Let’s turn now to magic tricks that aren’t so common. For example, the bête noir of small, two-way, stand-mounted speakers: bass performance. Many small speakers lack both bass quantity and bass quality. Not the 805 D4, which excels in both respects. Indeed, bass is one of this product’s greatest strengths. I’m not saying it plumbs the deepest depths (the speaker is rated down to 42Hz at -3dB), but I am saying that the 805 D4 produces bass to kill for.
The superb low-end performance starts with attacks. They are pinpoint, going from nothing to room-rattling in an instant. You can hear this particularly easily when watching movies. Film sound engineers have become fond of inserting a single, deep “thud” into films right before something calamitous happens. With the 805s, this effect not only has the necessary heft, but it also comes out of nowhere—exactly as the filmmaker intended.
There’s no bass overhang, either. Combine that with spot-on pitch definition, and the result is bass lines that are incredibly easy to follow. Check out Jim Fielder’s work on “Spinning Wheel” from the eponymous Blood Sweat and Tears album (ORG LP). The initial bass line is complex and worth appreciating, both for its own sake and as a perfect counterpoint to the horn and vocal parts. But then, in the song’s middle section, Fielder suddenly shifts style completely. Now he’s riffing on a walking bass line. Through the 805 D4, this musically significant event is crystal clear.
You’ll also be hard pressed to find a speaker—of any size—that delivers more sheer bass information than the 805 D4. With this product, no two bass instruments sound alike; rather, each has its own distinctive timbral and transient characteristics. The best high-end speakers offer this level of timbral diversity in the midrange, but many fall short in this regard in the bass. Not so the 805 D4.
Finally, any speaker described as having “good bass” must have low-frequency grunt. Given its size, the 805 D4 is absolutely shocking in this respect. You get a hint of this when, on the opening of “Spinning Wheel,” the left hand of the piano has more weight than expected. Then you put on something like “The Man in the Long Black Coat” from the MoFi One-Step, 45rpm LP of Bob Dylan’s Oh Mercy. You should hear gut-wrenching, room-energizing bass—the kind you’d think could only come from a large, multi-woofered floorstander. Yet again, the 805 D4 does this with ease.

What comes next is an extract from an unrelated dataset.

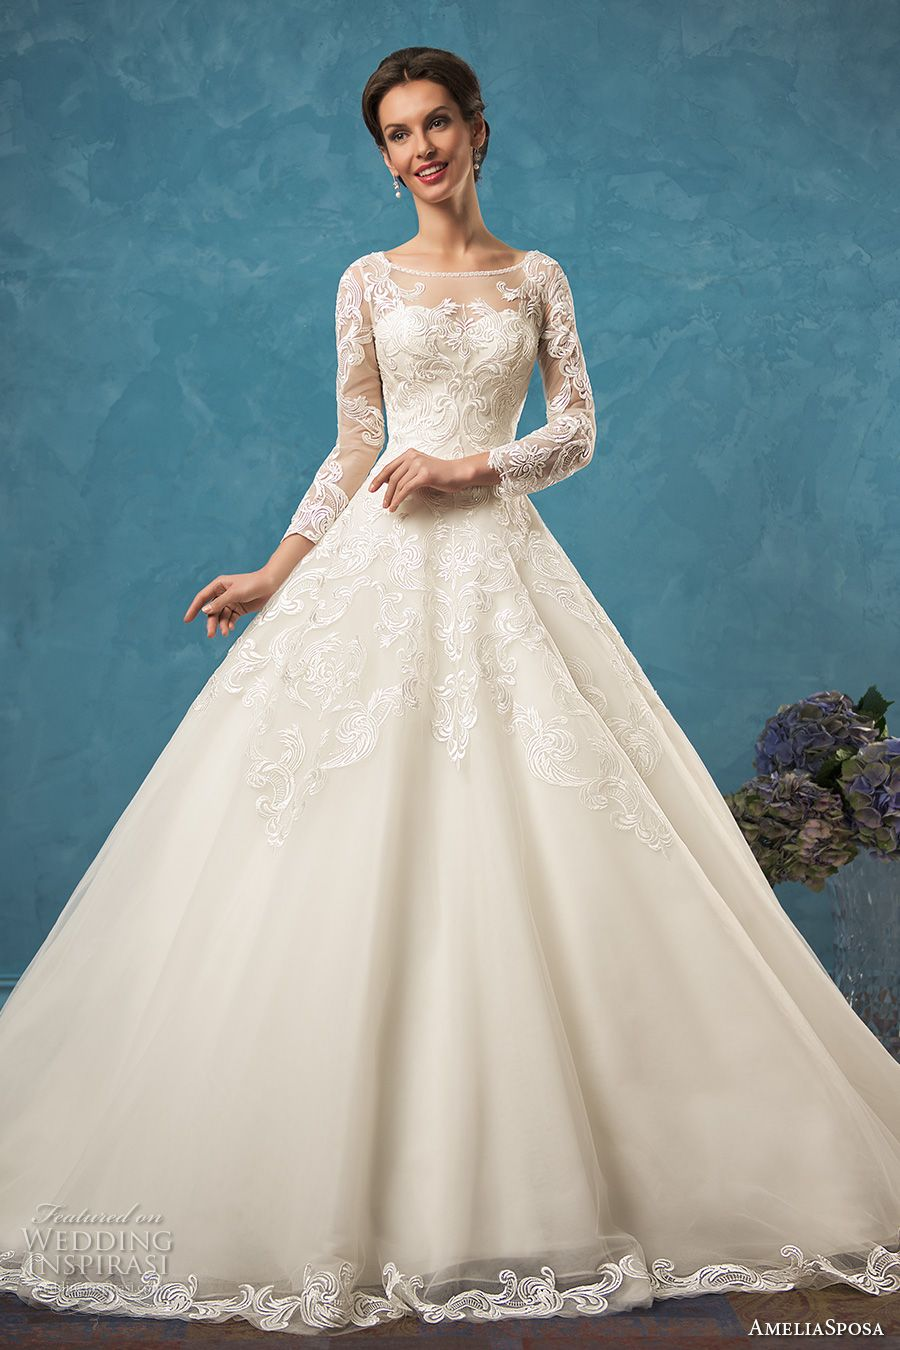 Amelia Sposa 2017 Wedding Dresses | Vestidos de novia, De novia y Novios

In fact, of all my bass torture test tracks, the Bowers & Wilkins failed just one. The speaker sailed through the bass line on the outro of Peter Gabriel’s “Don’t Give Up” from So, as well as the repeated kick drum wallops in the title track from the old Flim and the BB’s Tricycle CD. Only when confronted with the descending organ pedal tones on the Rutter Requiem’s “Pie Jesu” (Reference Recordings) did the 805 D4 fall short. But even then, the speaker delivered a soul-satisfying rumble, even if it couldn’t quite resolve the lowest pitches. All of which is pretty amazing for a speaker this size.
It’s not just bass that will fool you into believing the 805 D4 is a much bigger transducer. In perhaps its most amazing sleight of hand, the 805 D4 can produce musical scale that’s completely at odds with its stature. In particular, the 805 excels at conveying height. Combine that with the outsized bass performance, and you have a speaker with an uncanny ability to mimic a full-range floorstander.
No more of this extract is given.